As actuation assembly on BHA 22 travels downhole, it will expand into protective sleeve actuation groove 54 located in protective sleeve 52. As protective sleeve 52 begins to move downhole, valve body split ring 99 will disengage from protective sleeve downhole split ring groove 59 due to exceeding a force F10. Protective sleeve 52 will then continue to move downhole and expand into protective sleeve uphole split ring groove 58. During this movement downhole, protective sleeve 52 will drive Wedgelock 70 from upper valve seat area 62. Wedgelock 70 will shift and rotate from the closed position into the open position. After protective sleeve 52 reaches valve body shoulder limit 106 Wedgelock 70 will be contained in Wedgelock pocket 82 and will be isolated from the flow path by protective sleeve 52. Actuation tool assembly on BHA 22 exerts a force F onto the protective sleeve actuation groove downhole chamfer 57 until it exceeds a predetermined force F11, collapsing and disengaging from the protective sleeve actuation groove 54.
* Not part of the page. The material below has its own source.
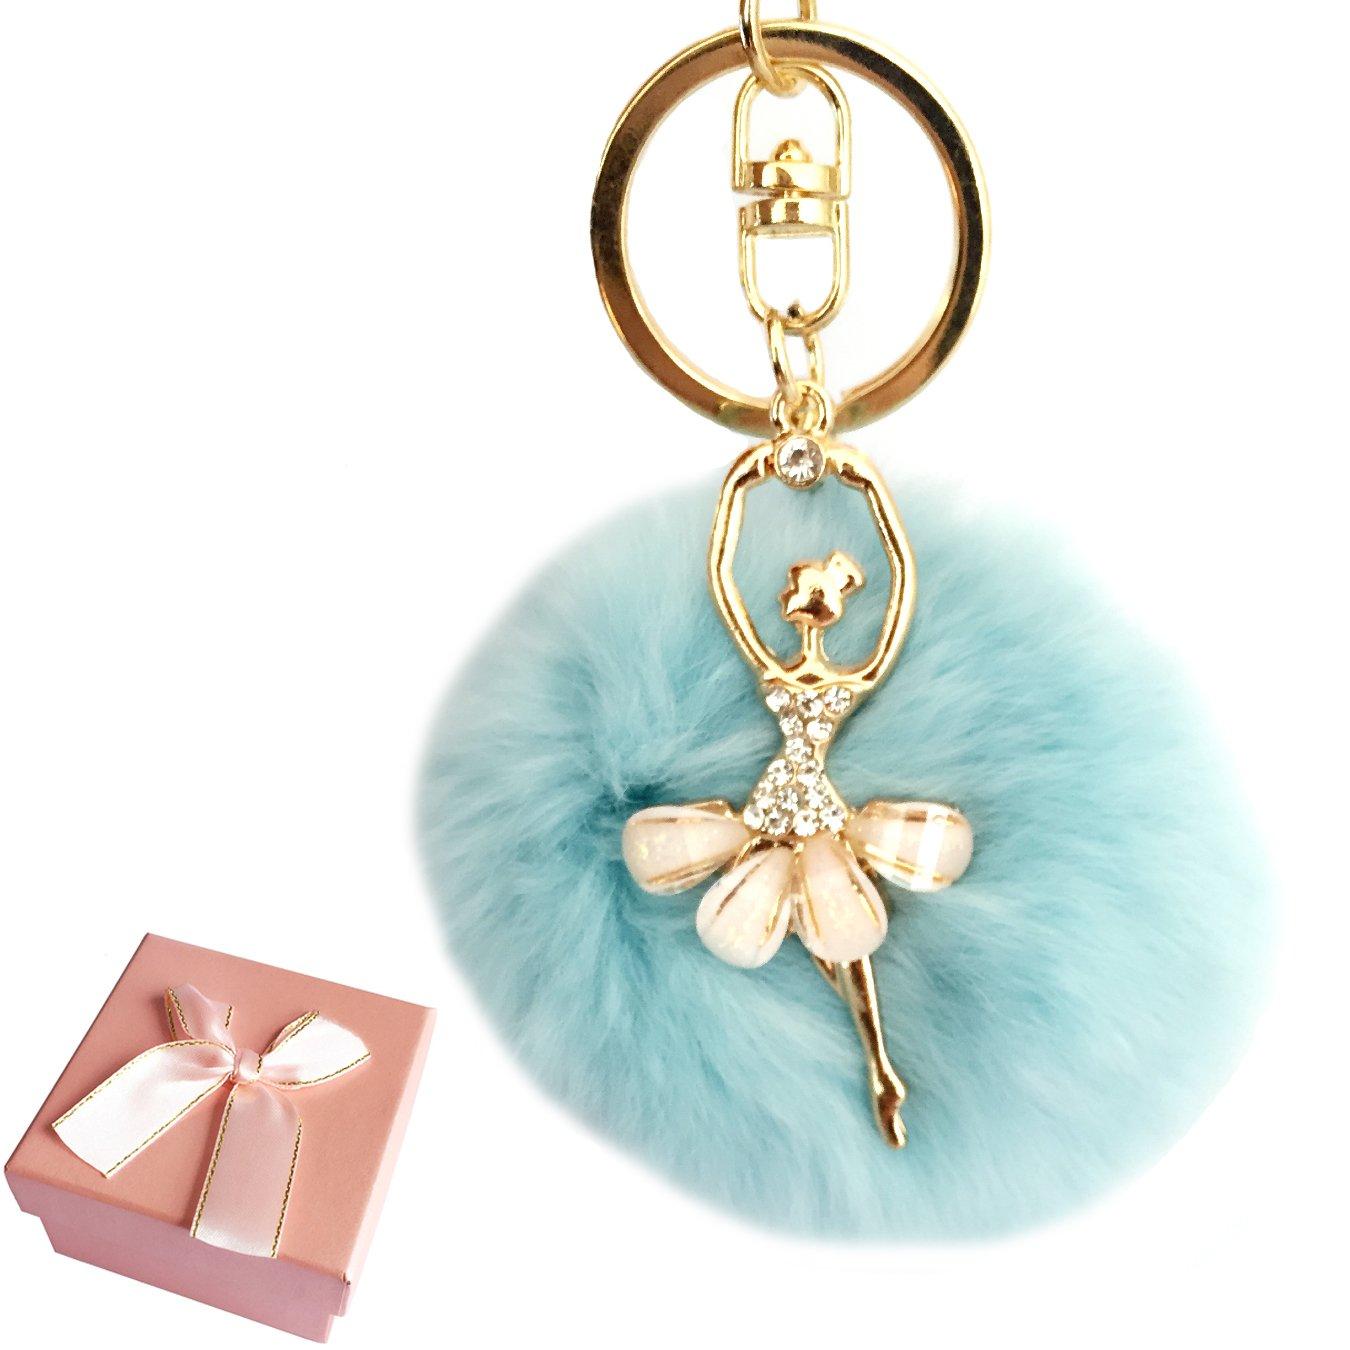 Elesa Miracle Girl Women Fur Ball Rhinestone Ballerina Keychain, Ballet Dancing Girl Handbag Accessories, Car Key Chain (Sky Blue)

Spring-loaded dogs 23 on BHA 22 continue to travel downhole engaging and moving debris sleeve 50 downhole until it reaches valve body shoulder limit 106 in order to cover the downhole end of protective sleeve 52.
As spring-loaded dogs 23 on BHA 22 continue to travel further downhole, they expand into lower lock sleeve actuation groove 32 located in the lower lock sleeve 30. As lower lock sleeve 30 moves downhole, a force F is exerted onto the lower connection housing split ring 39 until it disengages from lower connection housing closed split ring groove 38 and expands into the lower connection housing open split ring groove 37. As lower lock sleeve 30 moves downhole it slides over the lower locking fingers 40 and forces them to collapse into open locking groove 93. Lower lock sleeve 30 moves downhole until it comes in contact with lower connection housing shoulder limit 42. Spring-loaded dogs 23 on BHA 22 start to exert a force F onto lower locking sleeve actuation groove downhole chamfer 34. When force F exceeds a predetermined limit F12, spring-loaded dogs 23 on BHA 22 collapse and disengage from lower locking sleeve actuation groove 32. The MBIV 20 is now locked into the open position.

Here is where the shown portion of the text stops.